The collector sidecar reads the cgroup v2 memory.events file and monitors the oom_kill counter. When the counter increments during a run, the sample is marked as an OOM event.

Source: internal/cgroup/oom.go

Heuristic Detection

For environments where the oom_kill counter is not available (e.g., cgroup v1), the sizer applies a heuristic: if the observed peak memory reaches ≥95% of the configured limit, the sample is marked as OOM-suspect. OOM-suspect samples are excluded from the clean sample count used for confidence phase progression.

Exponential Backoff

When consecutive OOMs are detected for a workflow/job, the sizer applies exponential backoff to the memory limit:

new_limit = current_limit × 2^consecutiveOOMs

The backoff is capped at the node ceiling to prevent unbounded growth.

Node Ceiling

The maximum memory allocation is bounded by the node ceiling, which is determined by:

  1. Auto-detection — reads /proc/meminfo and uses 90% of total node RAM
  2. Manual override — configurable via --max-memory flag

Similarly, --max-cpu caps the maximum CPU allocation.

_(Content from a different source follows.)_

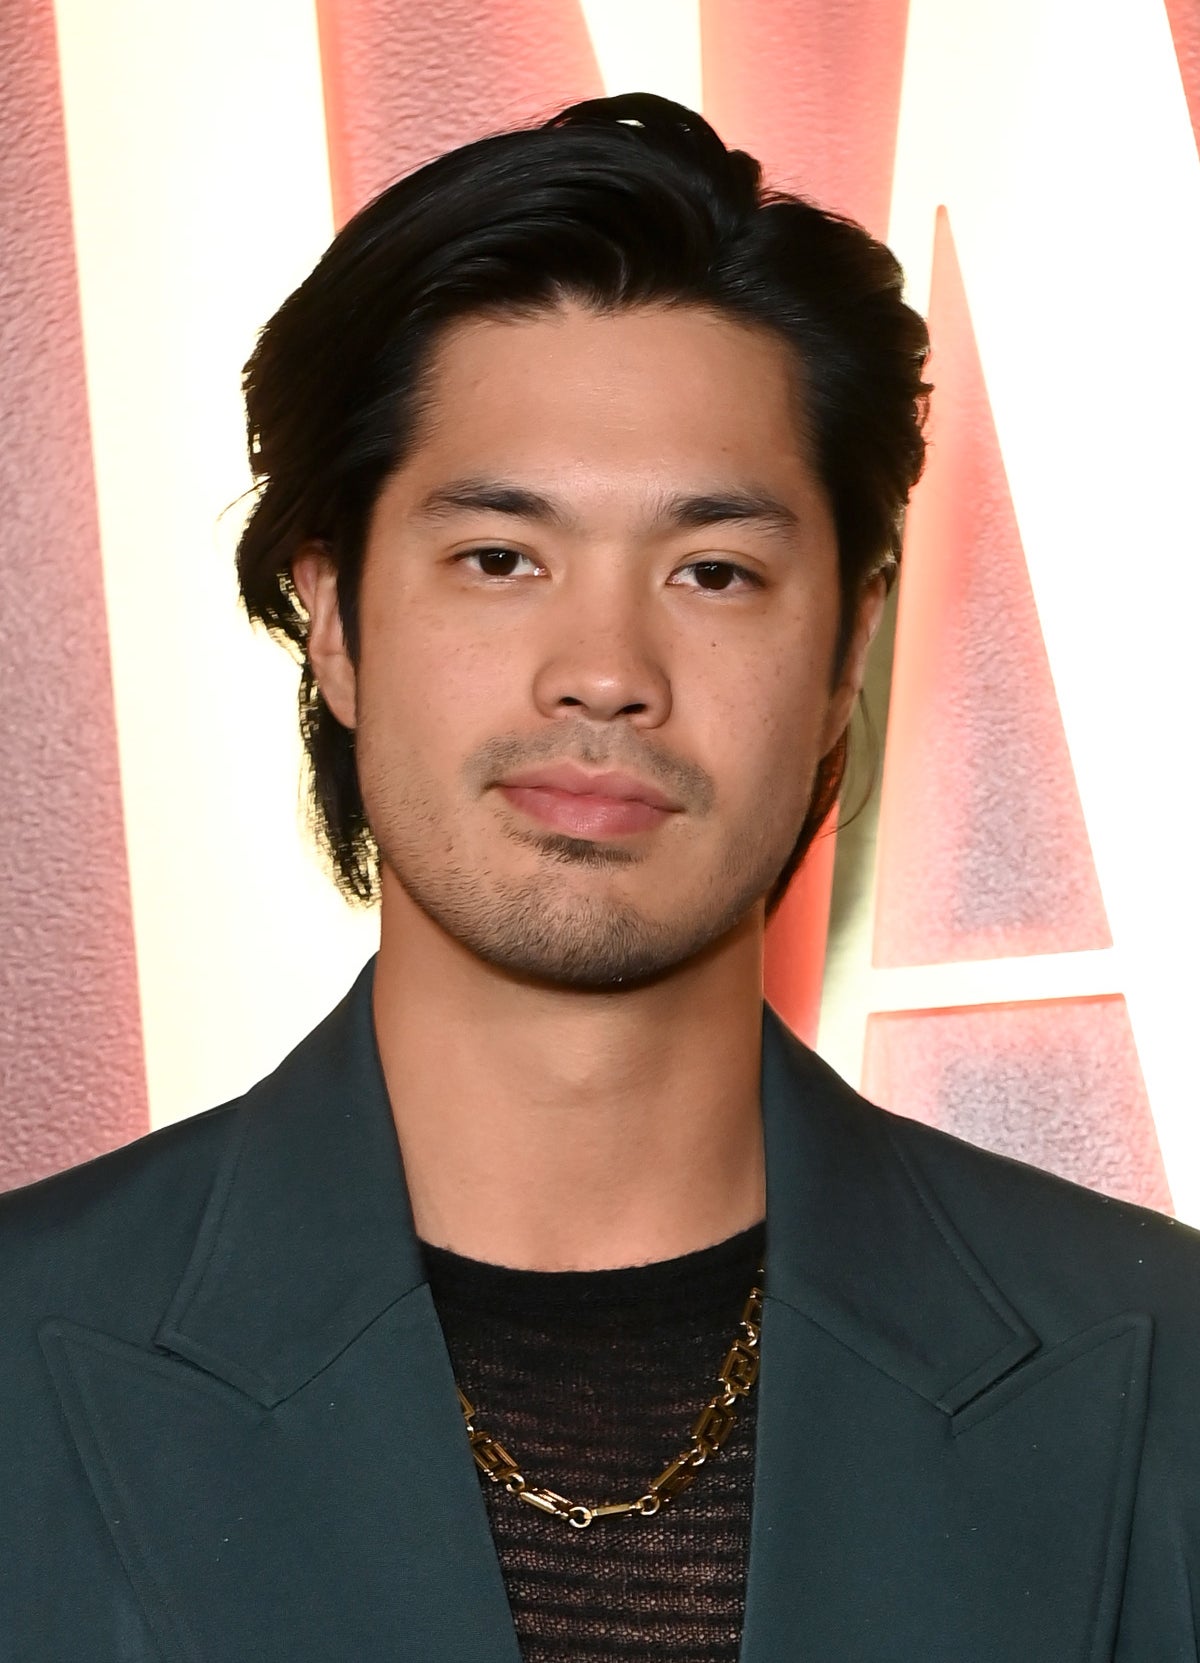 Ross Butler posing at event, wearing a blazer over a mesh top with layered necklaces

Commit Status Notifications

When an OOM event is detected, the receiver posts a commit status notification to the source forge, alerting developers that their CI run was killed due to memory exhaustion.

Forgejo / GitHub

POST /api/v1/repos/{owner}/{repo}/statuses/{sha}

GitLab

POST /api/v4/projects/{id}/statuses/{sha}

Authentication is via the PRIVATE-TOKEN header for GitLab or Bearer token for Forgejo/GitHub.

Configuration

FlagEnvironment VariableDescriptionDefault
--notify-enabledRECEIVER_NOTIFY_ENABLEDEnable commit status notificationstrue
--notify-base-urlRECEIVER_NOTIFY_BASE_URLForge base URL (auto-detected from push metadata if unset)
--notify-tokenRECEIVER_NOTIFY_TOKENAPI token for forge commit status API

In most deployments, only --notify-token is required. The base URL and node ceiling are auto-detected.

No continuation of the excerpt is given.